# ABOUT THIS TASK
Would you give the listing back word for word once its pictures are removed?

# THE DATA
++++++++

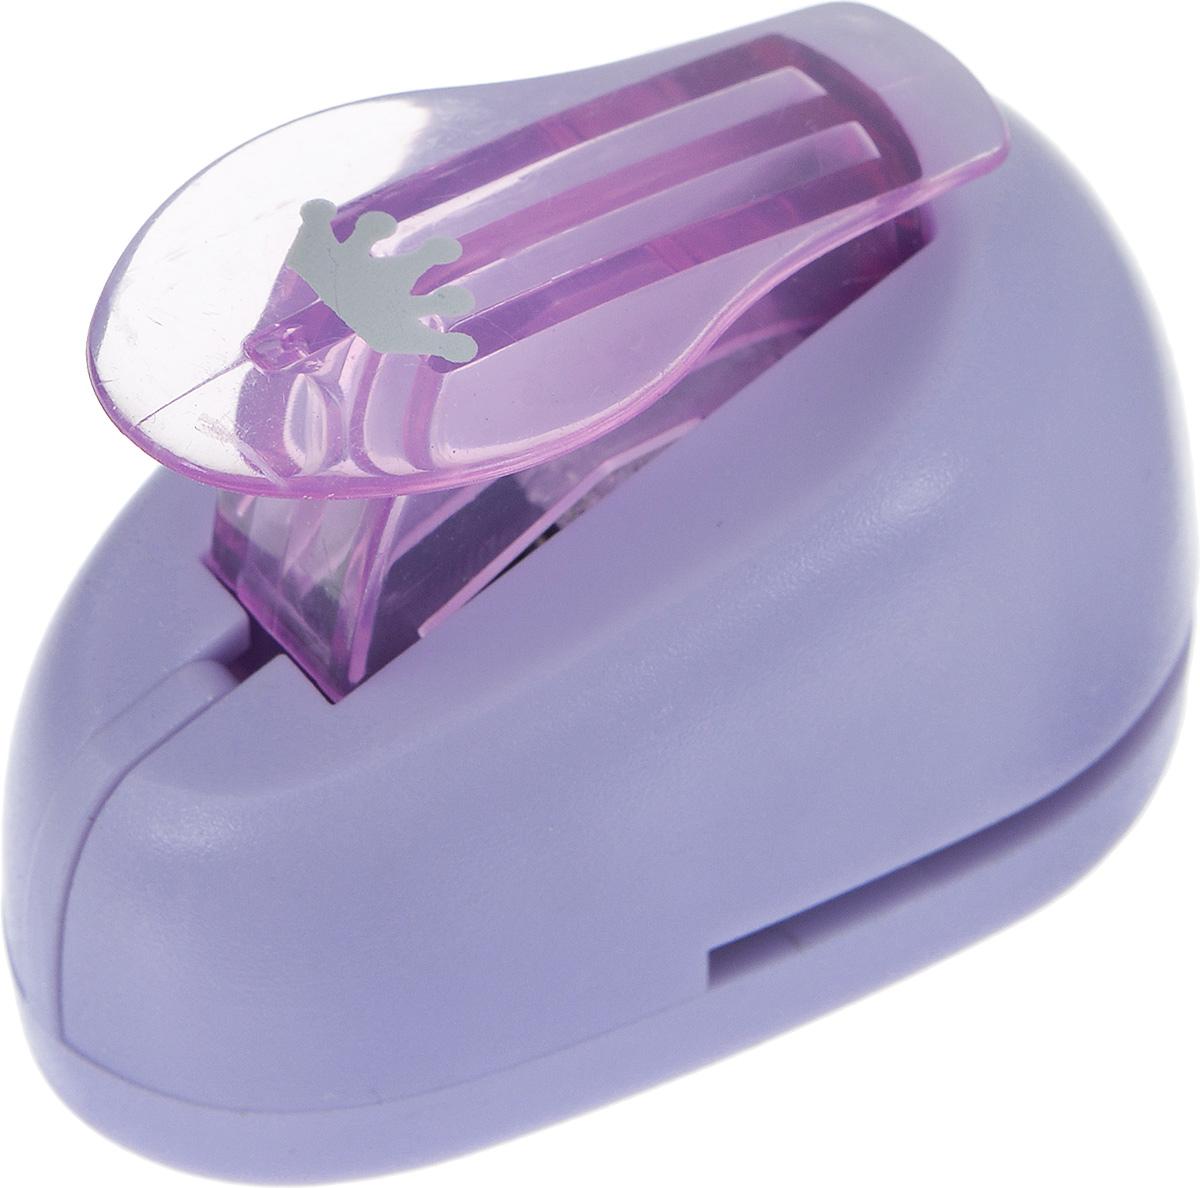 Дырокол фигурный Hobbyboom Корона, №241, цвет: фиолетовый, 1 смC13S041944Дырокол фигурный Hobbyboom Корона, выполненный из прочного пластика и металла, используется в скрапбукинге для украшения открыток, карточек, коробочек и прочего.Применяется для прорезания фигурных отверстий в бумаге. Вырезанный элемент также можно использовать для украшения.Предназначен для бумаги плотностью от 80 до 200 г/м2. При применении на бумаге большей плотности или на картоне, дырокол быстро затупится. Чтобы заточить нож компостера, нужно прокомпостировать самую тонкую наждачку. Размер готовой фигурки: 1 см х 0,6 см.
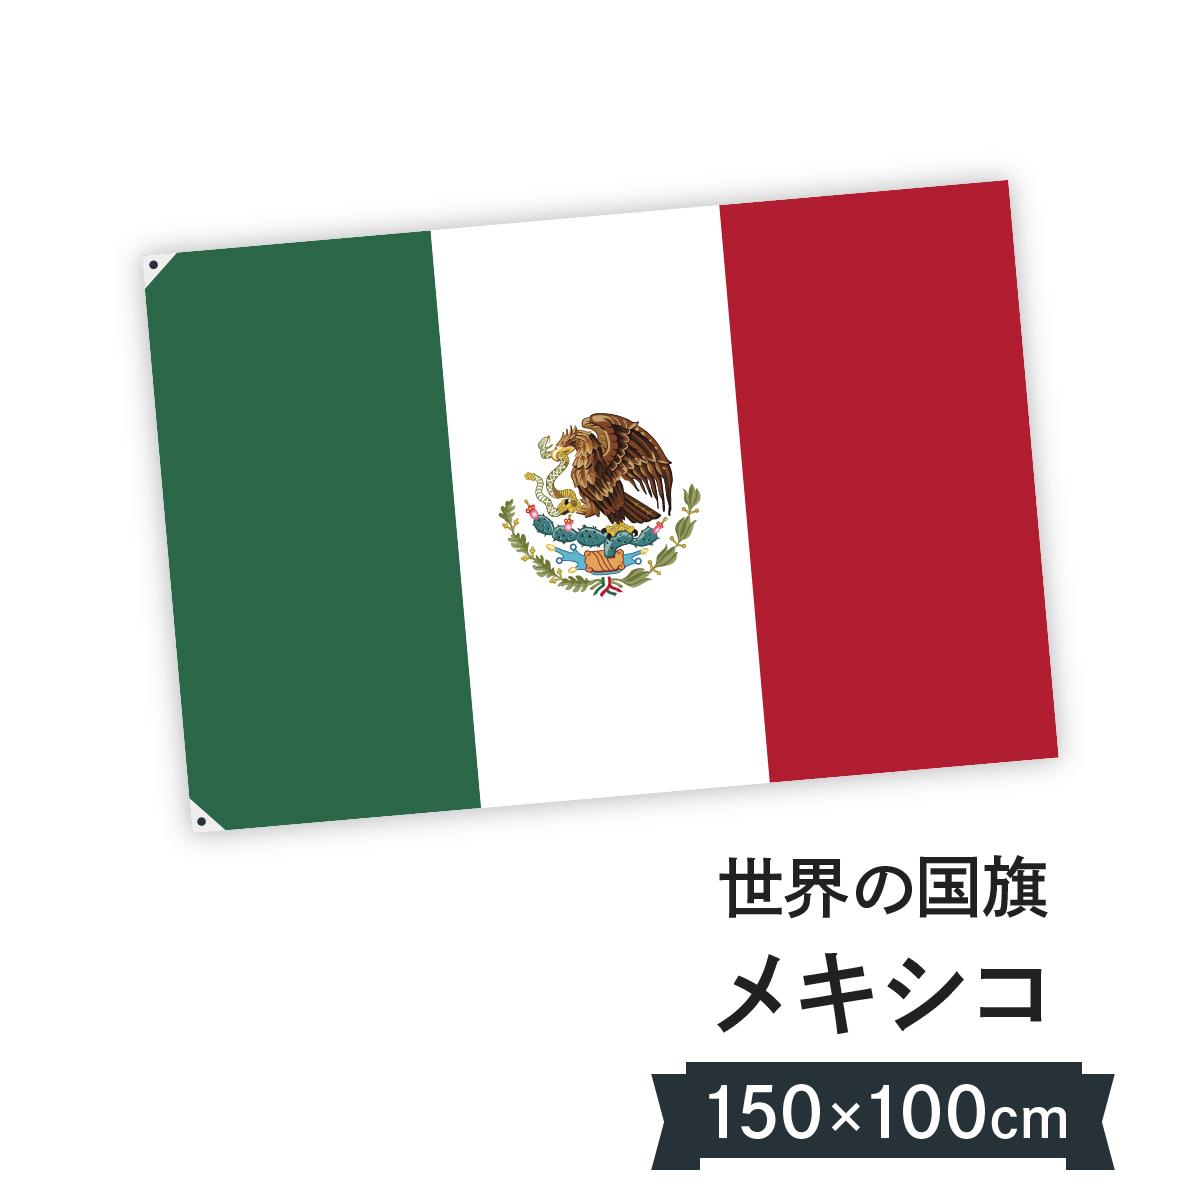 メキシコ合衆国 国旗 W150cm H100cm
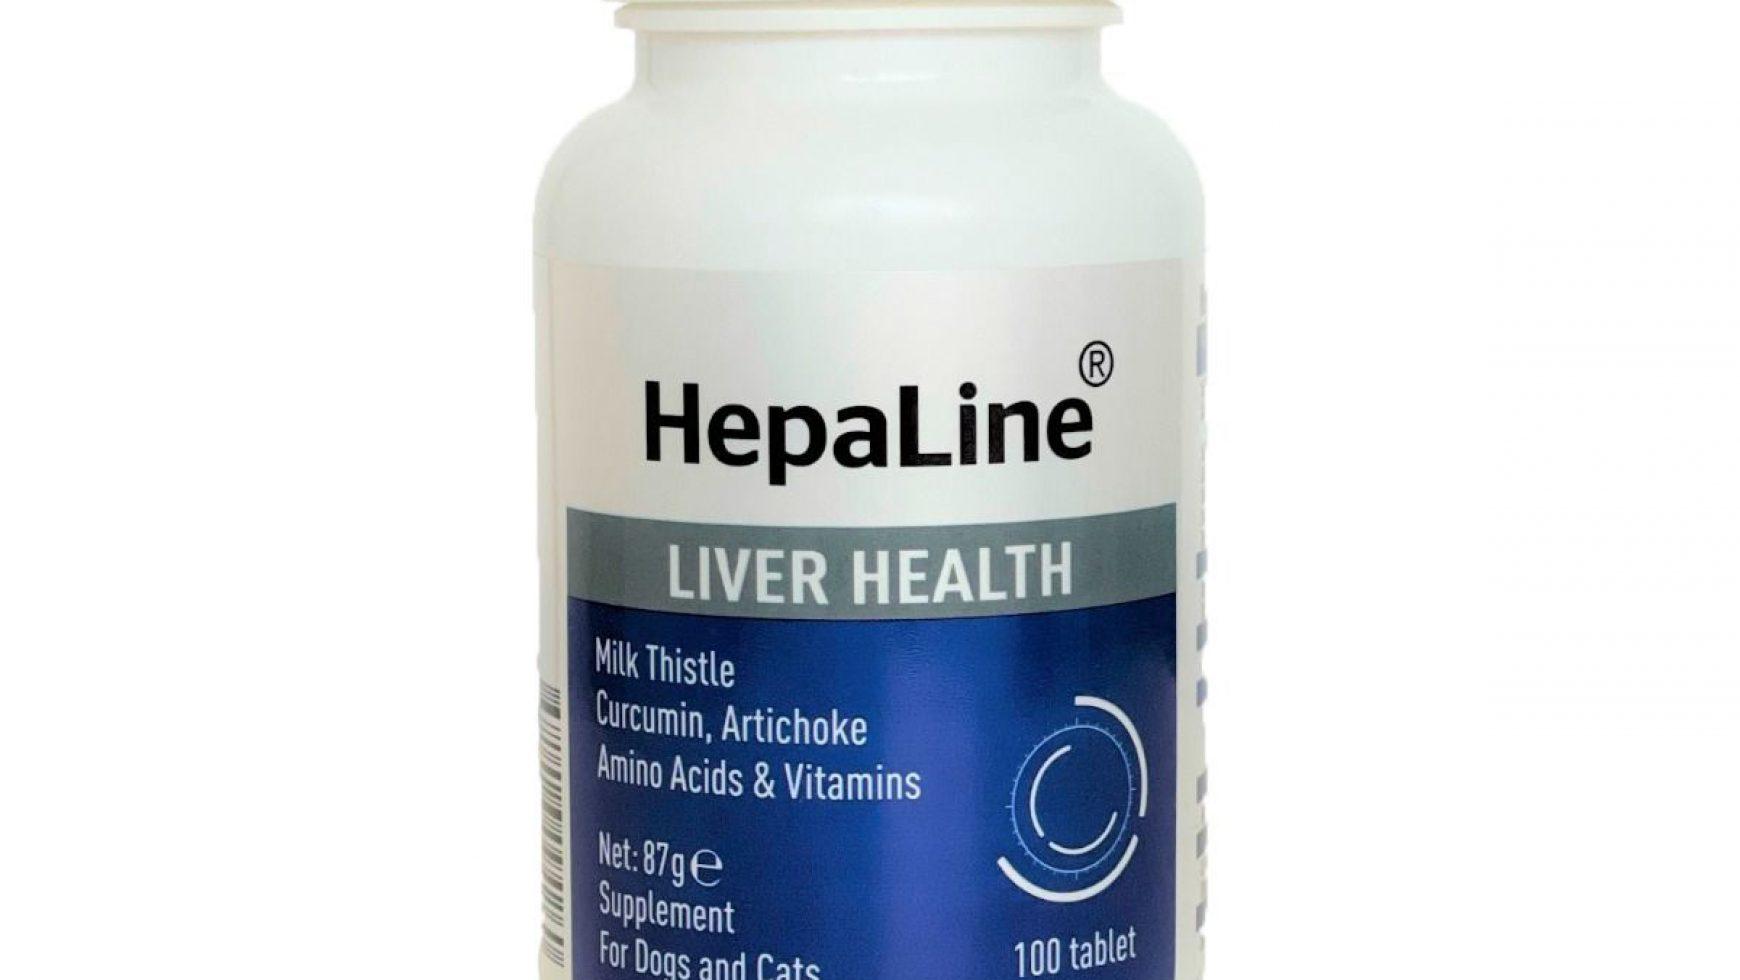 HEPALINE 100 Tablet

++++++++

# EXERCISE ANSWER
 Дырокол фигурный Hobbyboom Корона, №241, цвет: фиолетовый, 1 смC13S041944Дырокол фигурный Hobbyboom Корона, выполненный из прочного пластика и металла, используется в скрапбукинге для украшения открыток, карточек, коробочек и прочего.Применяется для прорезания фигурных отверстий в бумаге. Вырезанный элемент также можно использовать для украшения.Предназначен для бумаги плотностью от 80 до 200 г/м2. При применении на бумаге большей плотности или на картоне, дырокол быстро затупится. Чтобы заточить нож компостера, нужно прокомпостировать самую тонкую наждачку. Размер готовой фигурки: 1 см х 0,6 см.
 メキシコ合衆国 国旗 W150cm H100cm
 HEPALINE 100 Tablet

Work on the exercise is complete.